Task:
Please write out the entire listing below exactly, excluding its pictures.

Input data:
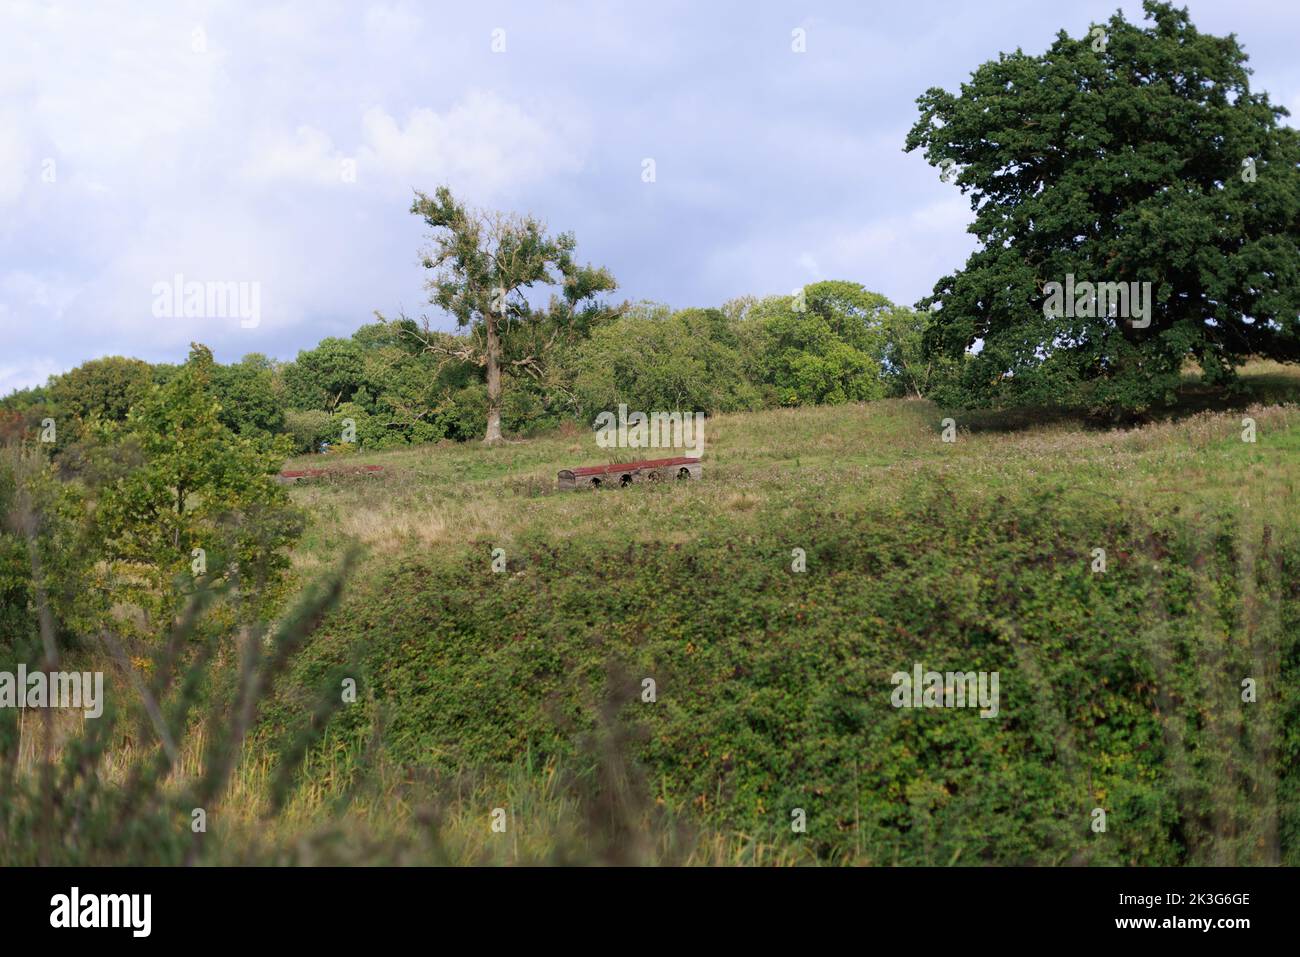 Small wooden coop or animal house in the British countryside Stock Photo
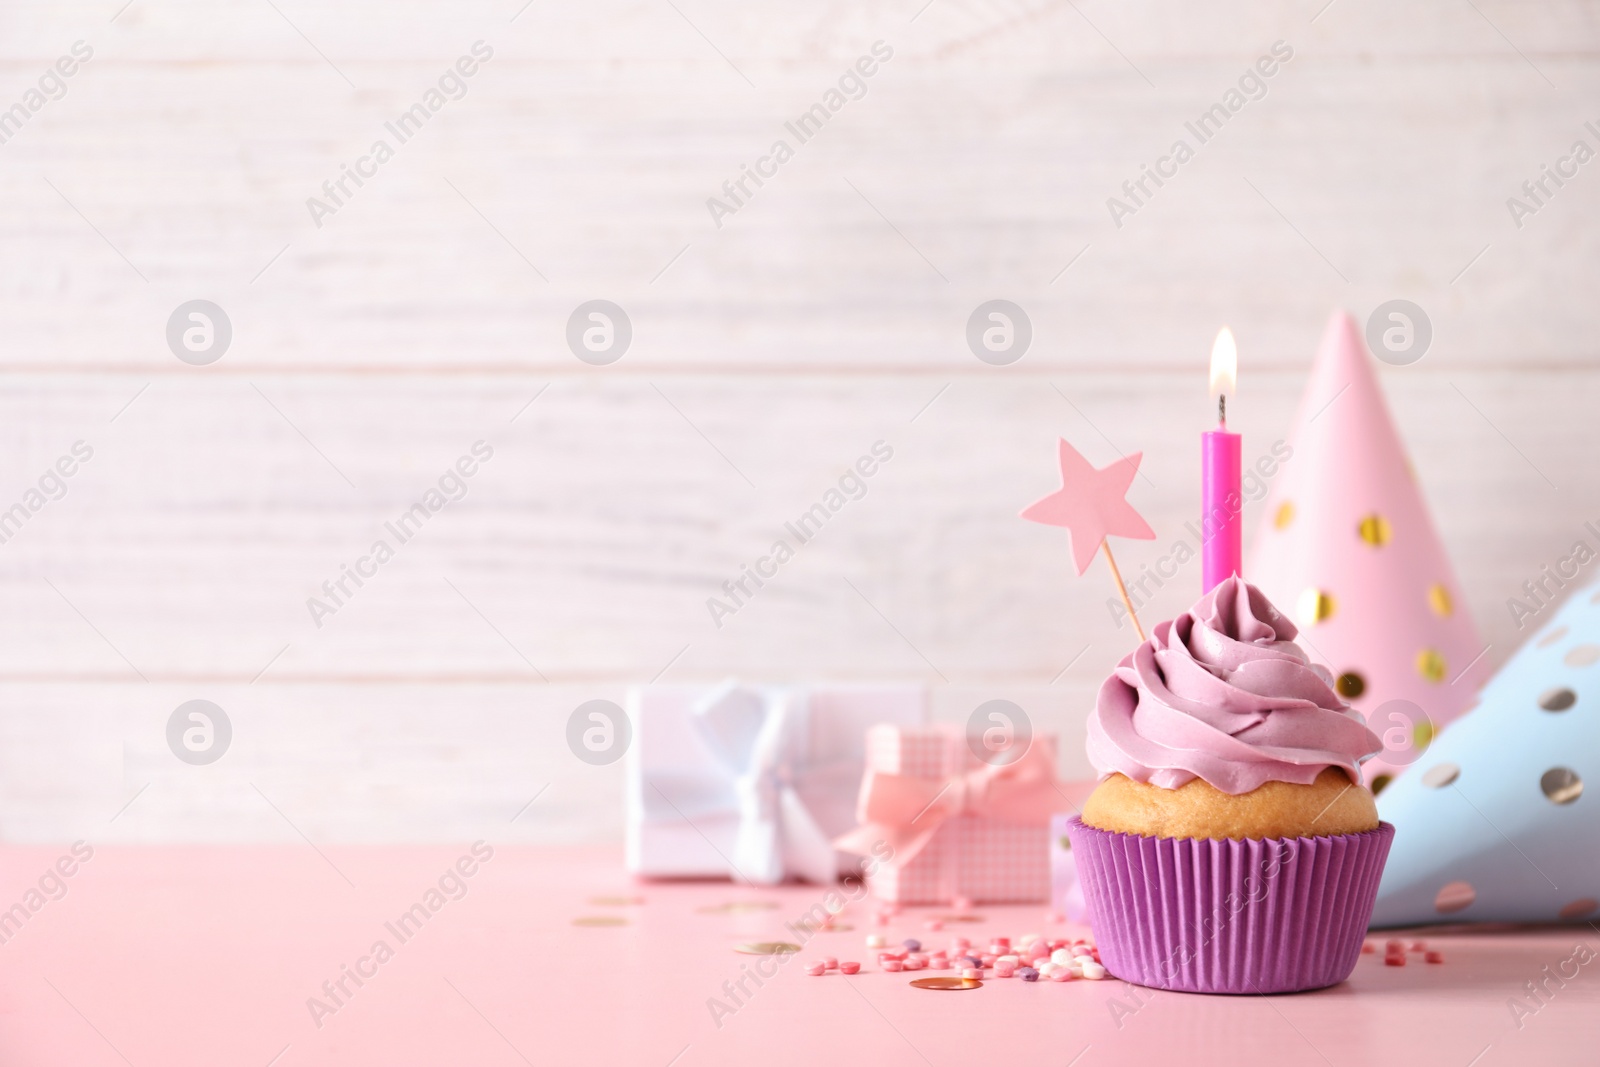 Photo of Birthday cupcake with burning candle, party hats and gift boxes on pink table. Space for text
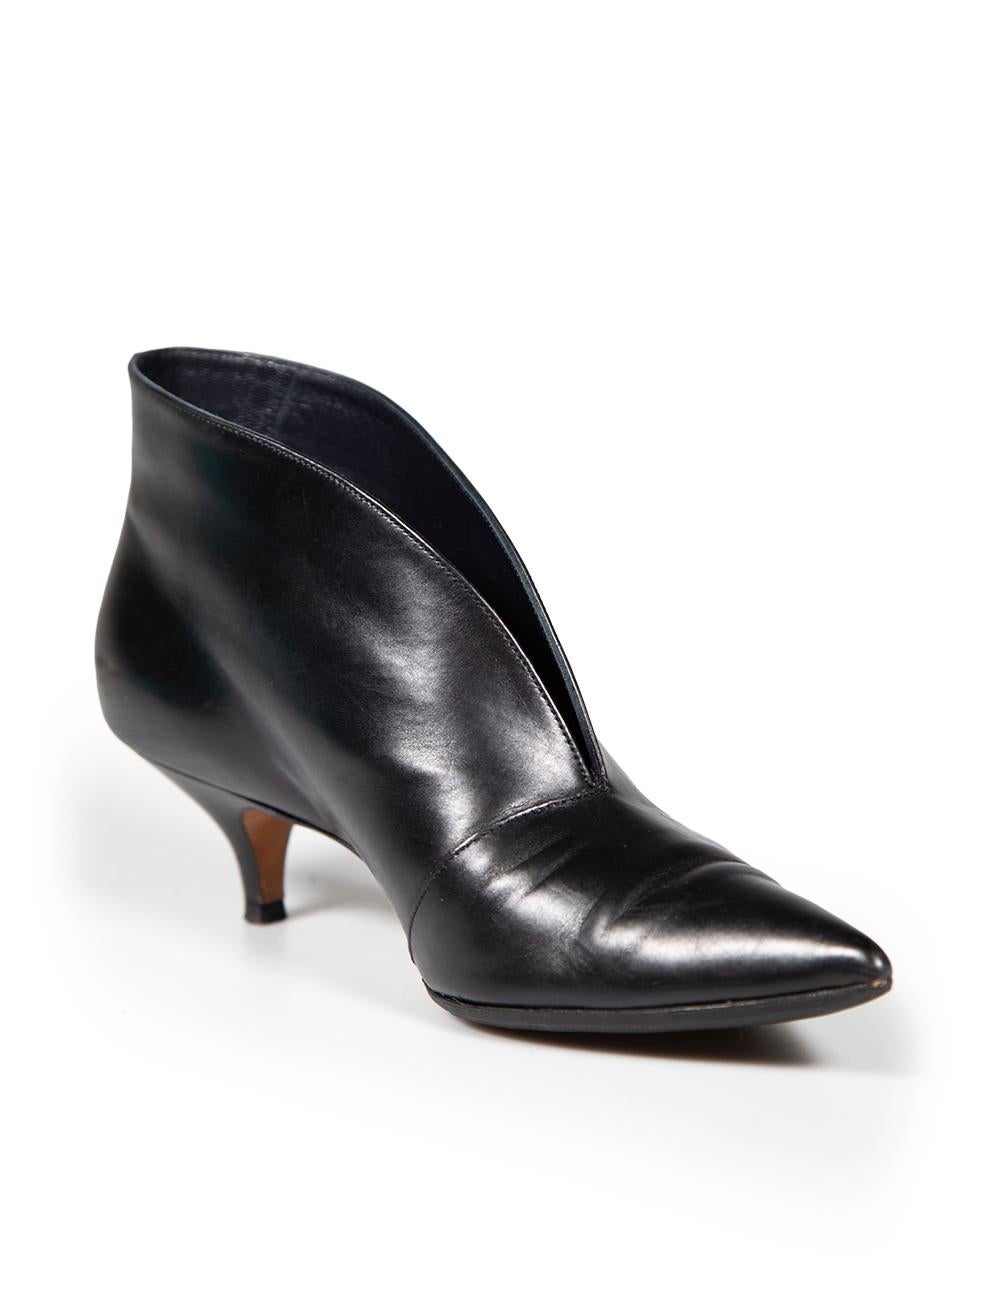 CONDITION is Very good. Minimal wear to heels is evident. These heels have been re-soled, there are scratches to the leather of the inside heel and pointed toe tip on this used Céline designer resale item. These shoes have been resoled.
 
 
 
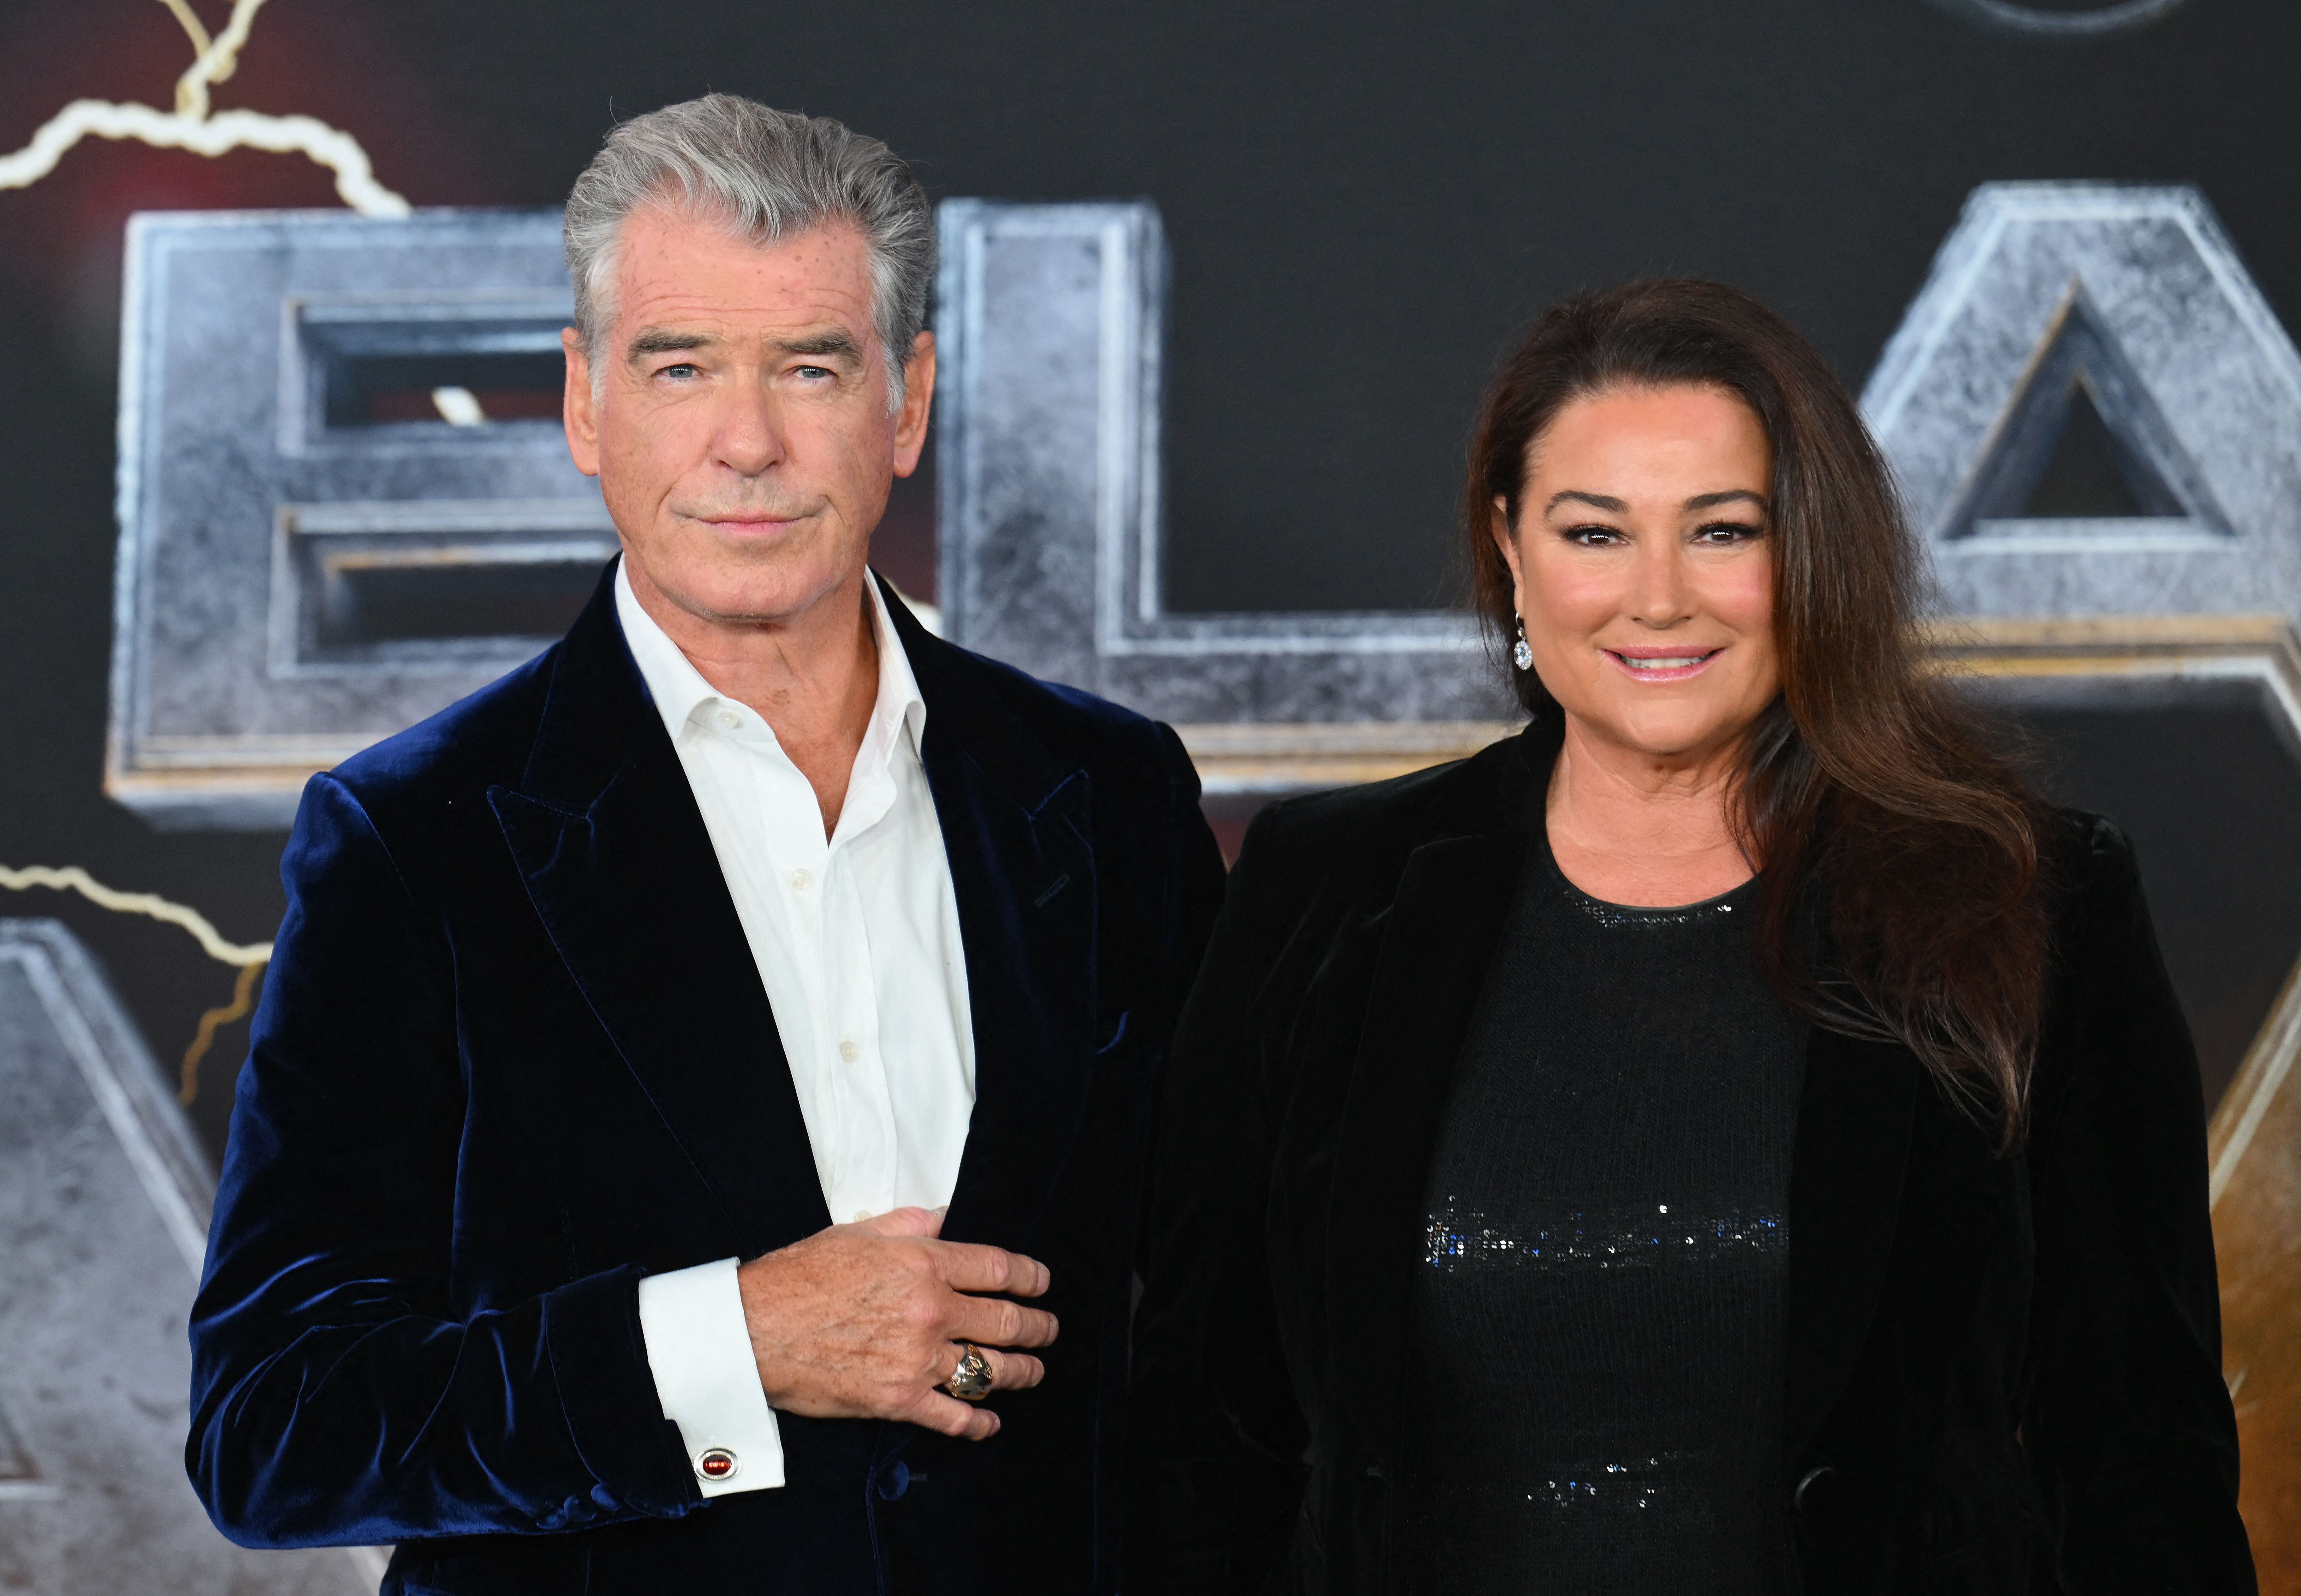 Irish Actor Pierce Brosnan (L) and his wife Keely Shaye Smith arrive for the premiere of "Black Adam" at Time Square, in New York City, on October 12, 2022. | Source: Getty Images

Solution for this exercise:
 Small wooden coop or animal house in the British countryside Stock Photo
 Photo of Birthday cupcake with burning candle, party hats and gift boxes on pink table. Space for text
 CONDITION is Very good. Minimal wear to heels is evident. These heels have been re-soled, there are scratches to the leather of the inside heel and pointed toe tip on this used Céline designer resale item. These shoes have been resoled.
 
 
 
 Irish Actor Pierce Brosnan (L) and his wife Keely Shaye Smith arrive for the premiere of "Black Adam" at Time Square, in New York City, on October 12, 2022. | Source: Getty Images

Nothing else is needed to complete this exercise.